%%

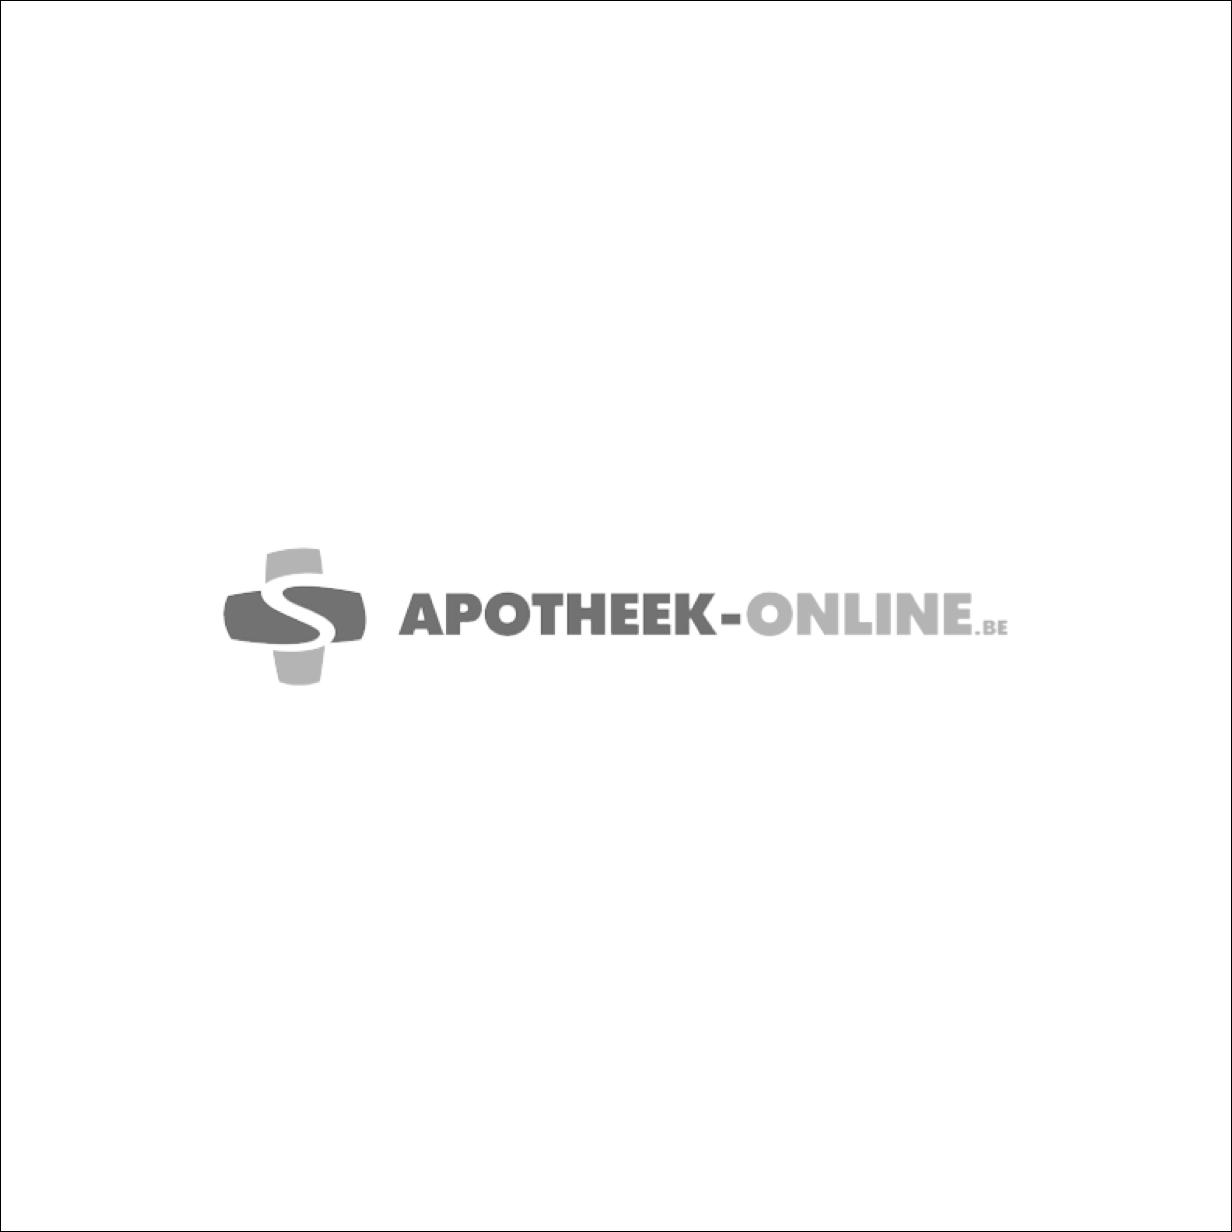 RC VDIET GASTRO INTESTINAL CANINE 12X400GR
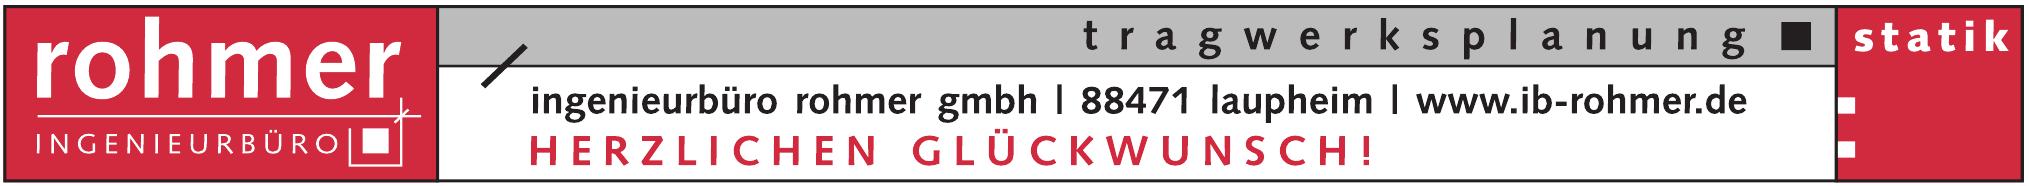 Ingenieurbüro Rohmer GmbH
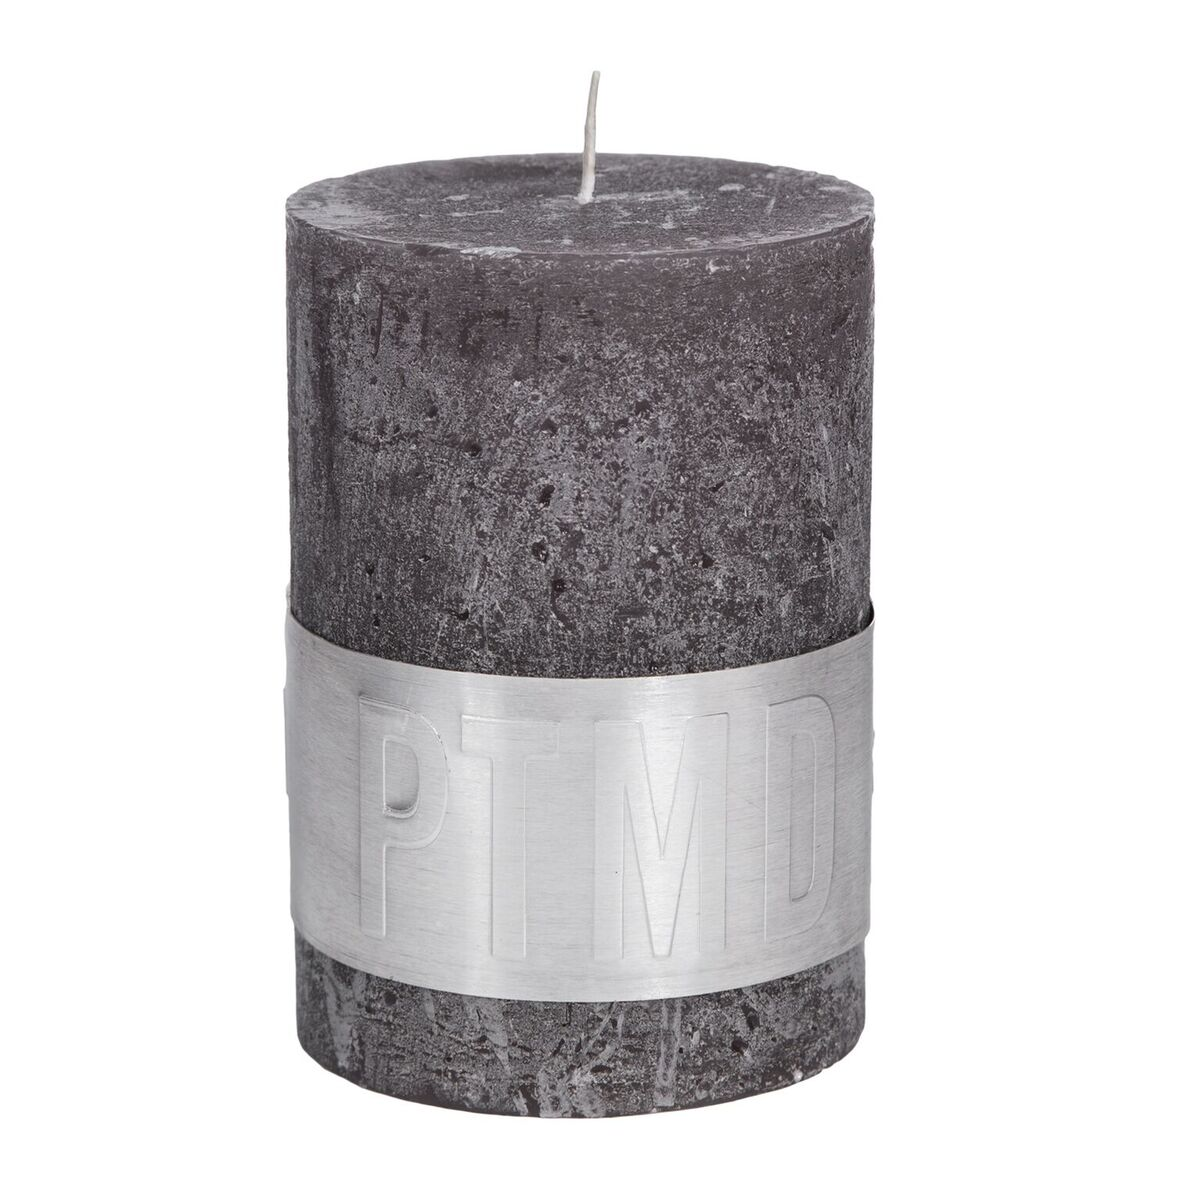 PTMD Kaars swish grey 10x7cm

%%

About this task: Transcribe the listing exactly; omit all images.

Task response:
 RC VDIET GASTRO INTESTINAL CANINE 12X400GR
 Ingenieurbüro Rohmer GmbH
 PTMD Kaars swish grey 10x7cm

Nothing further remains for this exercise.